##### INPUT FOR THIS TASK #####

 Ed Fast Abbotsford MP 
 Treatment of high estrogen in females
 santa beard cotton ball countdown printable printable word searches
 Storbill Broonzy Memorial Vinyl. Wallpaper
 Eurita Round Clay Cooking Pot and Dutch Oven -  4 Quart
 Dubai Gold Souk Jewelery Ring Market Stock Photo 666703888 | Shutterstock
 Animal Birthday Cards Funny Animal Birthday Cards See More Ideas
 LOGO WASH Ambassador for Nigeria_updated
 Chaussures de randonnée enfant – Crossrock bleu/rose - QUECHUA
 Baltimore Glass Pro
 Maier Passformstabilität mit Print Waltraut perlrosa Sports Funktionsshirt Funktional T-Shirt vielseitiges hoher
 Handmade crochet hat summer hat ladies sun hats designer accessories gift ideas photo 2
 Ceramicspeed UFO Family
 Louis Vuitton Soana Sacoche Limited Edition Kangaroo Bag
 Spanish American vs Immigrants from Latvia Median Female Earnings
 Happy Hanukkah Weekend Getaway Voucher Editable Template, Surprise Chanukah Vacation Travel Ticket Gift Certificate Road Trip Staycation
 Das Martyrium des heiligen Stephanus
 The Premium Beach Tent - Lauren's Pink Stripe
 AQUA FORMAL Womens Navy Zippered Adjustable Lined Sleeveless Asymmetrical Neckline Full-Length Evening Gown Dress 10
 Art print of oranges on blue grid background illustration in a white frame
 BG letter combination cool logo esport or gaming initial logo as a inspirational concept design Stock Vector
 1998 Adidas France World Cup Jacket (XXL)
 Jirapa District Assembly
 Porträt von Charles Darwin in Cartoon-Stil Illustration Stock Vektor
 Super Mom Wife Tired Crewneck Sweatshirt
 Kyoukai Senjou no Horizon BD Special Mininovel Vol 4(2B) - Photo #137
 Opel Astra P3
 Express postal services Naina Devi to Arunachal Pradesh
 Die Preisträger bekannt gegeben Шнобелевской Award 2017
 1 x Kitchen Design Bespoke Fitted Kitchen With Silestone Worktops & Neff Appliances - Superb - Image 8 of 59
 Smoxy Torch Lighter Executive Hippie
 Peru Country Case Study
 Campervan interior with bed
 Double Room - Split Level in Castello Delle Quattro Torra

#####

Which lines of the records above hold the word "Stock"? Copy each one out.

 Dubai Gold Souk Jewelery Ring Market Stock Photo 666703888 | Shutterstock
 BG letter combination cool logo esport or gaming initial logo as a inspirational concept design Stock Vector
 Porträt von Charles Darwin in Cartoon-Stil Illustration Stock Vektor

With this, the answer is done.